> _WHAT TO WORK ON_: Copy out all of the lines below exactly; the pictures do not belong in the copy.

> _DATA EXCERPT_:
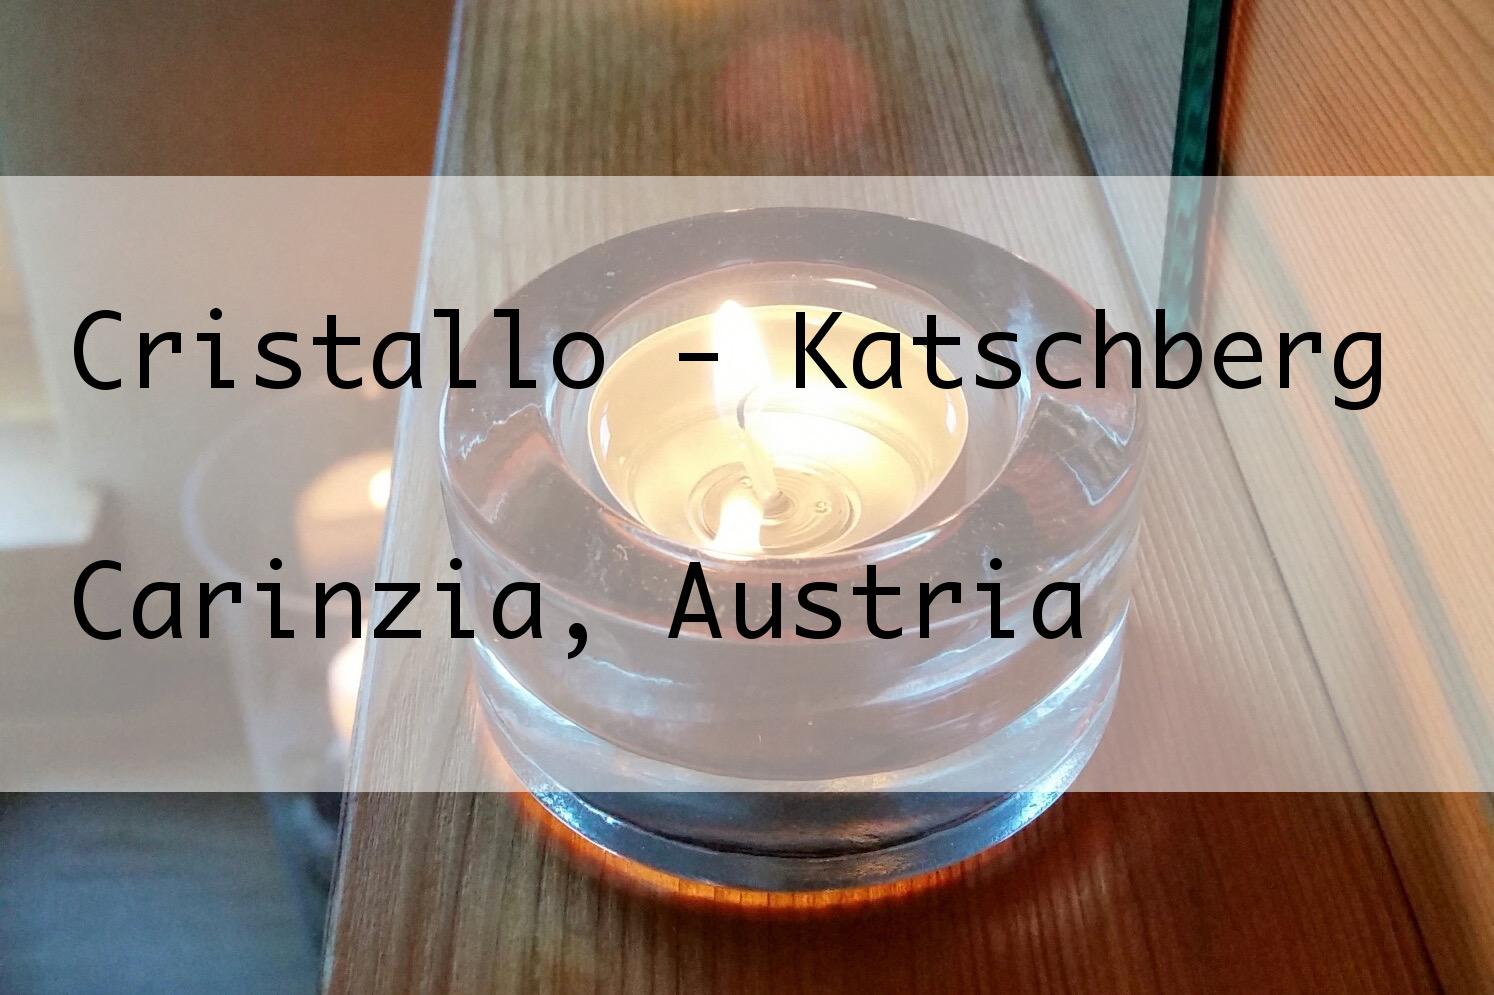 Cristallo Katschberg
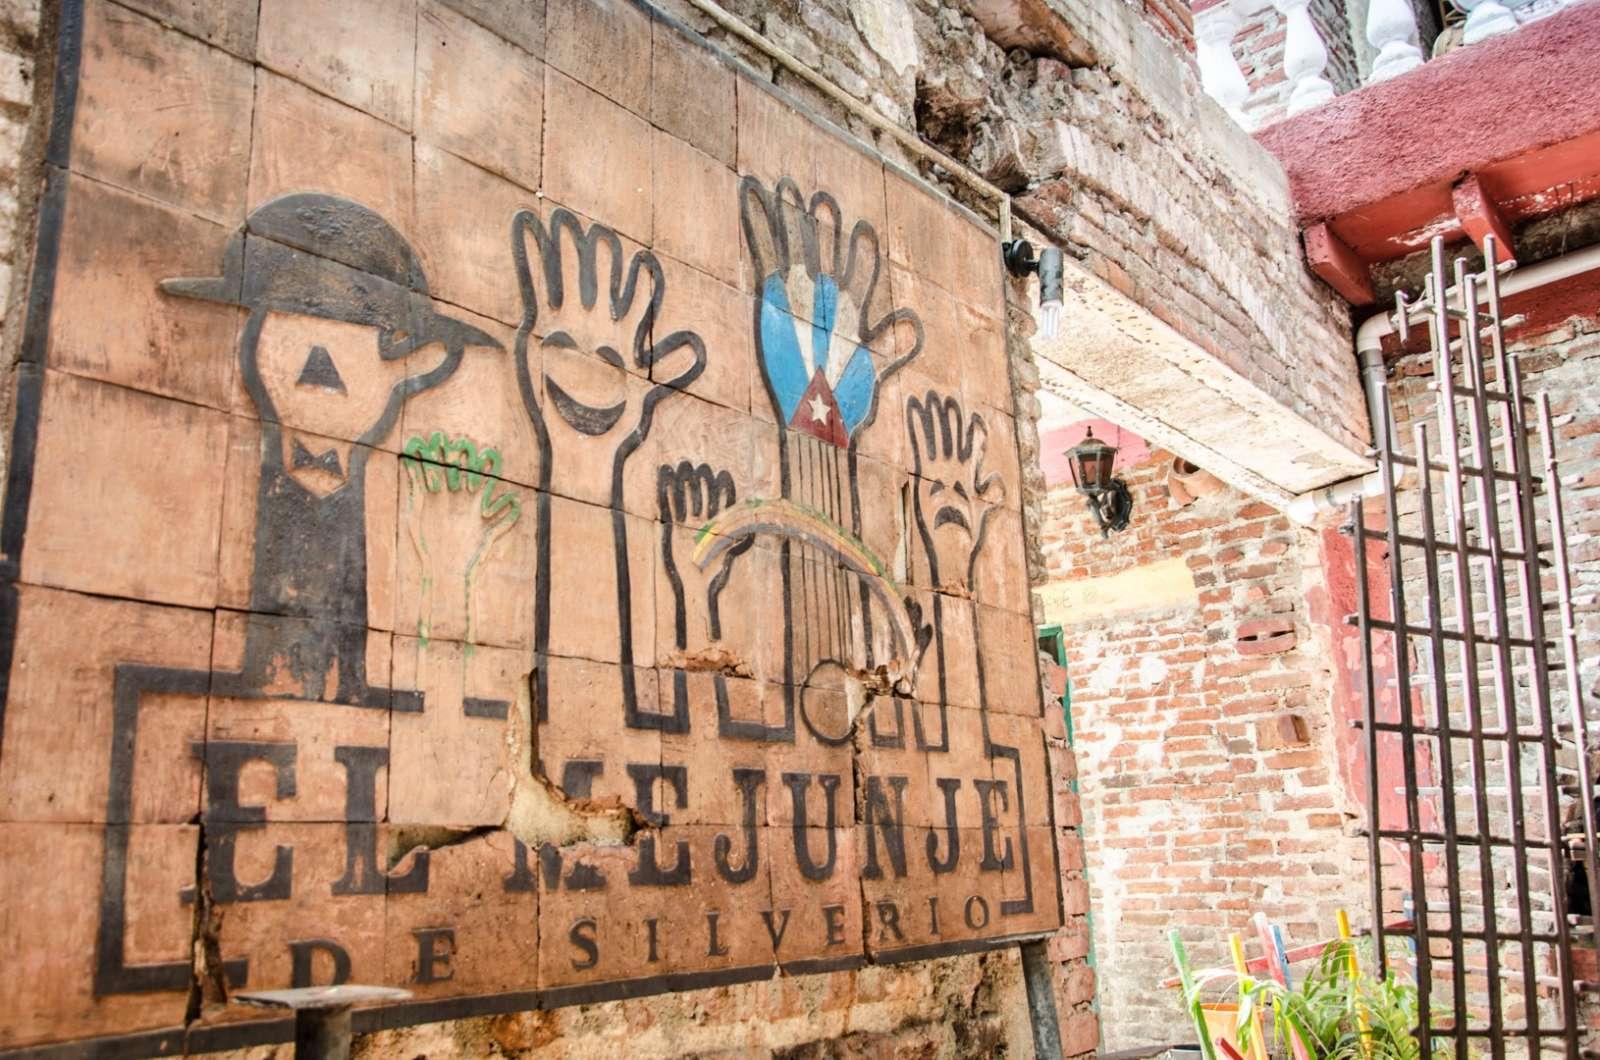 A street mural in Santa Clara, Cuba
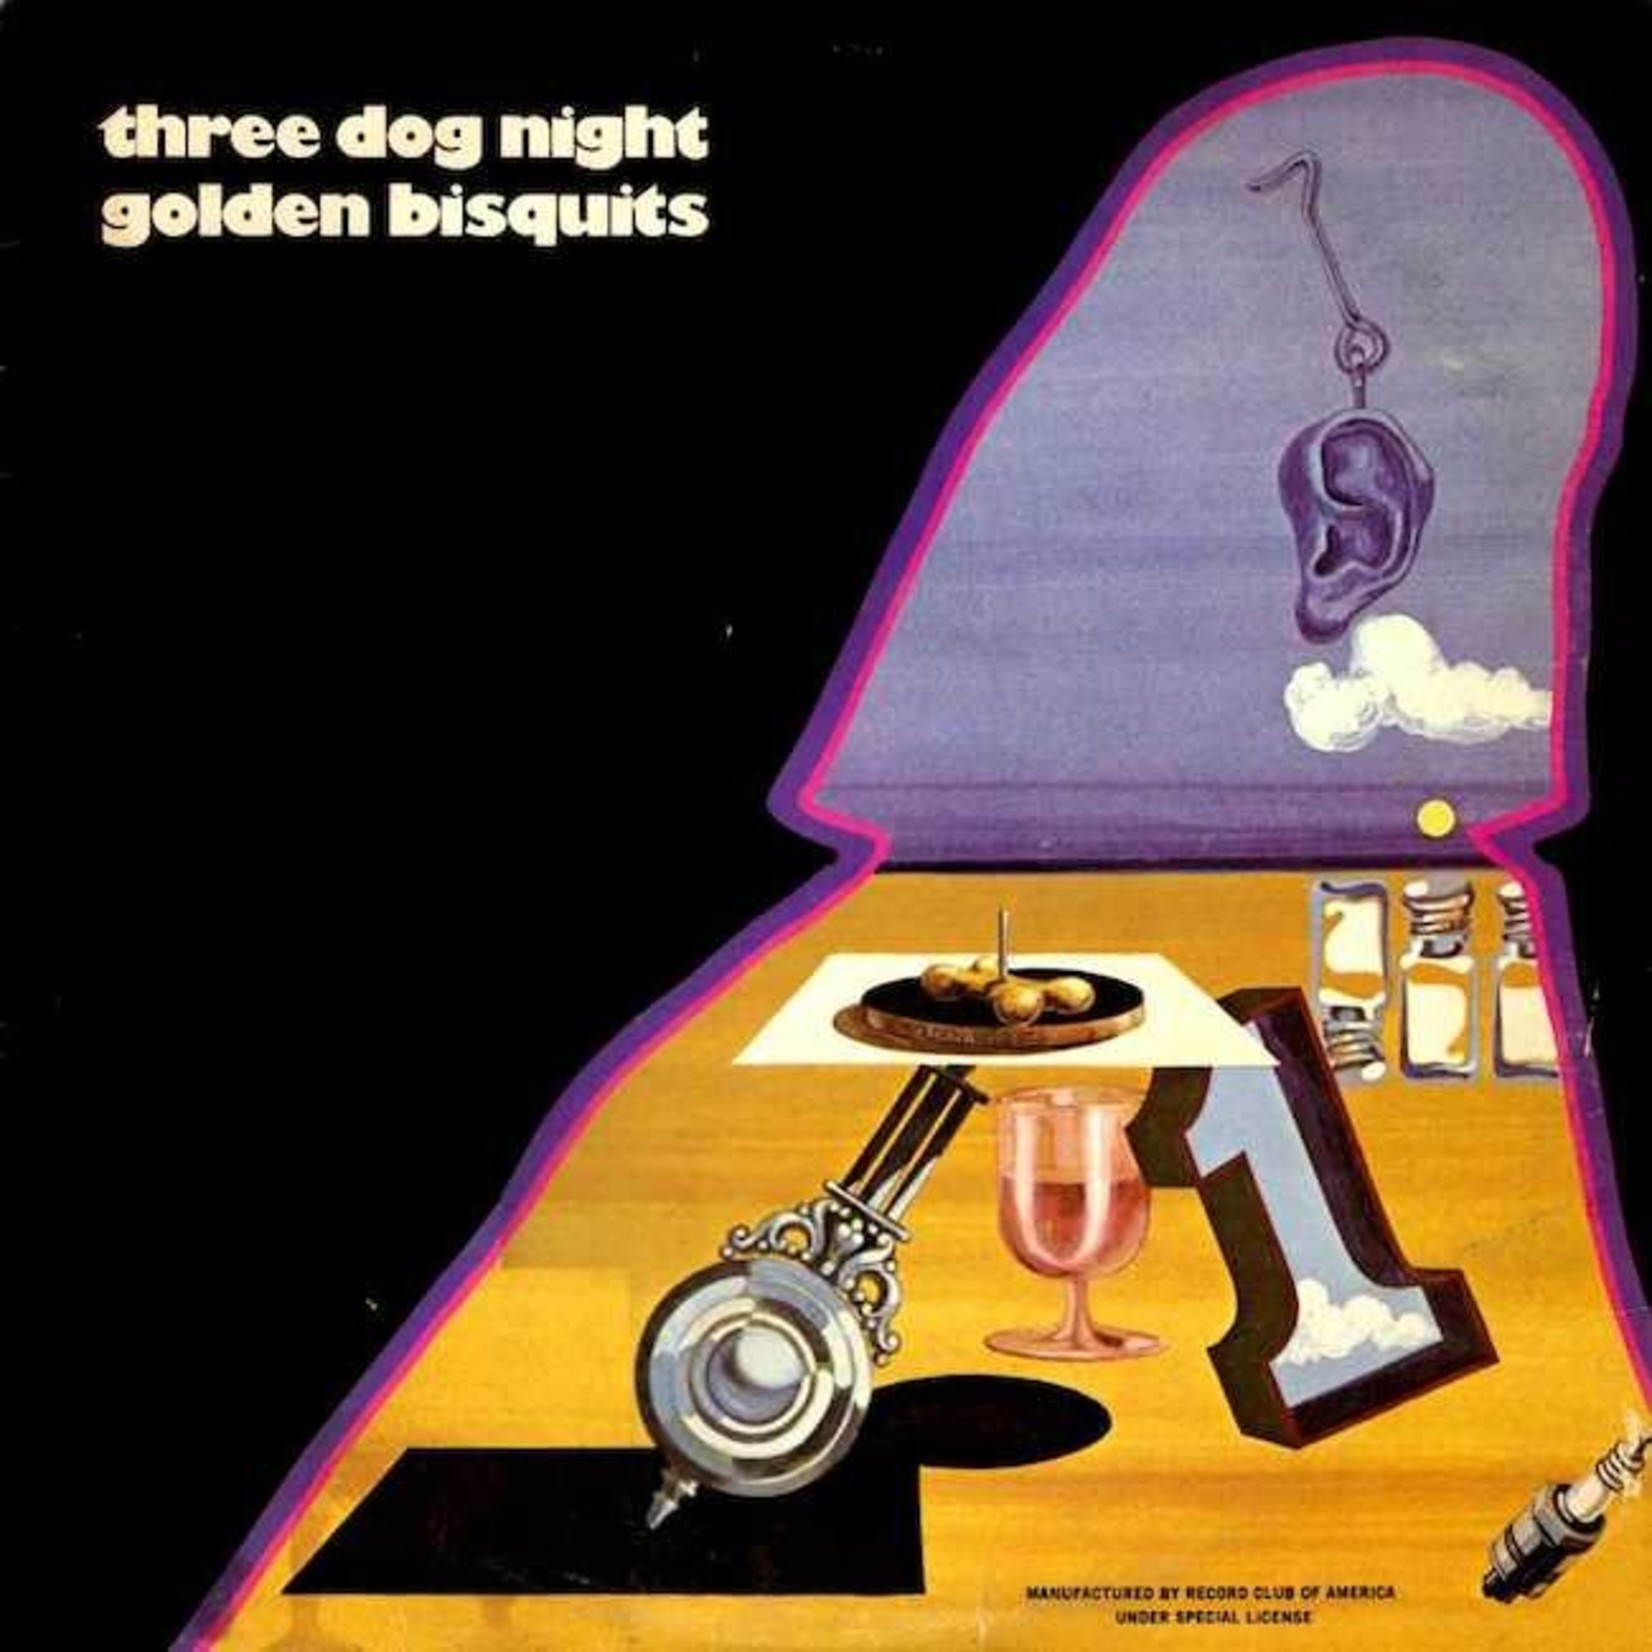 [Vintage] Three Dog Night: Golden Bisquits

> _ANSWER AREA_:
 Cristallo Katschberg
 A street mural in Santa Clara, Cuba
 [Vintage] Three Dog Night: Golden Bisquits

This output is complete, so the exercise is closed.